Extracted data entries
____

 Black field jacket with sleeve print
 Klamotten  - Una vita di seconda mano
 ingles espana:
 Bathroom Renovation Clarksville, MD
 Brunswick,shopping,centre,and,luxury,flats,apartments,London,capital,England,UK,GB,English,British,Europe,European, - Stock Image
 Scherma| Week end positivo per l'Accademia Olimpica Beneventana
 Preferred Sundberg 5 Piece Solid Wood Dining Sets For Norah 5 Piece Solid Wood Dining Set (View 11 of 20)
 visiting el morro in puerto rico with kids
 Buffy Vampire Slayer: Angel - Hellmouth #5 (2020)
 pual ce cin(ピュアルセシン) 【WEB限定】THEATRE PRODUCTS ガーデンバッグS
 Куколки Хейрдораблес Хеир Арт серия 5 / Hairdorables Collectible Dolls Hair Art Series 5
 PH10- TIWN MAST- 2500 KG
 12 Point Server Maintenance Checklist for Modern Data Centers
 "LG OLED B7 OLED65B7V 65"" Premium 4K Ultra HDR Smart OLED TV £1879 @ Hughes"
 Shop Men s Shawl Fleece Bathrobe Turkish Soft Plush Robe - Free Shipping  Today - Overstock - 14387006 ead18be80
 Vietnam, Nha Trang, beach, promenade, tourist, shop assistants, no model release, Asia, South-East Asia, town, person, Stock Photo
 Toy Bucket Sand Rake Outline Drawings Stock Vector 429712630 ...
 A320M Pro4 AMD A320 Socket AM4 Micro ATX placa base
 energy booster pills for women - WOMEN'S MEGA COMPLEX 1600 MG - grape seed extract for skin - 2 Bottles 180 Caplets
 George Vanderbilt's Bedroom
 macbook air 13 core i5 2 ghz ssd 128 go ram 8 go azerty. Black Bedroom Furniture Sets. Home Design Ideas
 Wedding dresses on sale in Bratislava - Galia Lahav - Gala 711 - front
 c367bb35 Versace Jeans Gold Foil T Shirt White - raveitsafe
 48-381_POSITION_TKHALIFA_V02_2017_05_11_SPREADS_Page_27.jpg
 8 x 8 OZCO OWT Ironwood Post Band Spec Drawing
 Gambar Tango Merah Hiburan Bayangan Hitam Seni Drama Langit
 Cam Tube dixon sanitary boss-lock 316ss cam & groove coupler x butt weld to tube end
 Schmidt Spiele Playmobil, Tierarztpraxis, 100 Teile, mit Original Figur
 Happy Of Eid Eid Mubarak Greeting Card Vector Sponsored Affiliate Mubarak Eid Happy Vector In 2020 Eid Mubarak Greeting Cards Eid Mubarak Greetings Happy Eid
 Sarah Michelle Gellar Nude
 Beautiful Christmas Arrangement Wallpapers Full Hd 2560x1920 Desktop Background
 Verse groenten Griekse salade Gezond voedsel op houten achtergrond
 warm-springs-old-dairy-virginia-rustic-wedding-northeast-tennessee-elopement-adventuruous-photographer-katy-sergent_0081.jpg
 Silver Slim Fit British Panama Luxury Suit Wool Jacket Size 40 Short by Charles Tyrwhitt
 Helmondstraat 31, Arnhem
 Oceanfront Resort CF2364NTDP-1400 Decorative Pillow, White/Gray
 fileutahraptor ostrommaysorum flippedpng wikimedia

____

- [TASK DIRECTIONS]:
Scan the records above for the lines holding "12 Point Server" and "Schmidt Spiele Playmobil, Tierarztpraxis, 100". Transcribe those two and every line between them word for word, and no others.

- [ANSWER SECTION]:
 12 Point Server Maintenance Checklist for Modern Data Centers
 "LG OLED B7 OLED65B7V 65"" Premium 4K Ultra HDR Smart OLED TV £1879 @ Hughes"
 Shop Men s Shawl Fleece Bathrobe Turkish Soft Plush Robe - Free Shipping  Today - Overstock - 14387006 ead18be80
 Vietnam, Nha Trang, beach, promenade, tourist, shop assistants, no model release, Asia, South-East Asia, town, person, Stock Photo
 Toy Bucket Sand Rake Outline Drawings Stock Vector 429712630 ...
 A320M Pro4 AMD A320 Socket AM4 Micro ATX placa base
 energy booster pills for women - WOMEN'S MEGA COMPLEX 1600 MG - grape seed extract for skin - 2 Bottles 180 Caplets
 George Vanderbilt's Bedroom
 macbook air 13 core i5 2 ghz ssd 128 go ram 8 go azerty. Black Bedroom Furniture Sets. Home Design Ideas
 Wedding dresses on sale in Bratislava - Galia Lahav - Gala 711 - front
 c367bb35 Versace Jeans Gold Foil T Shirt White - raveitsafe
 48-381_POSITION_TKHALIFA_V02_2017_05_11_SPREADS_Page_27.jpg
 8 x 8 OZCO OWT Ironwood Post Band Spec Drawing
 Gambar Tango Merah Hiburan Bayangan Hitam Seni Drama Langit
 Cam Tube dixon sanitary boss-lock 316ss cam & groove coupler x butt weld to tube end
 Schmidt Spiele Playmobil, Tierarztpraxis, 100 Teile, mit Original Figur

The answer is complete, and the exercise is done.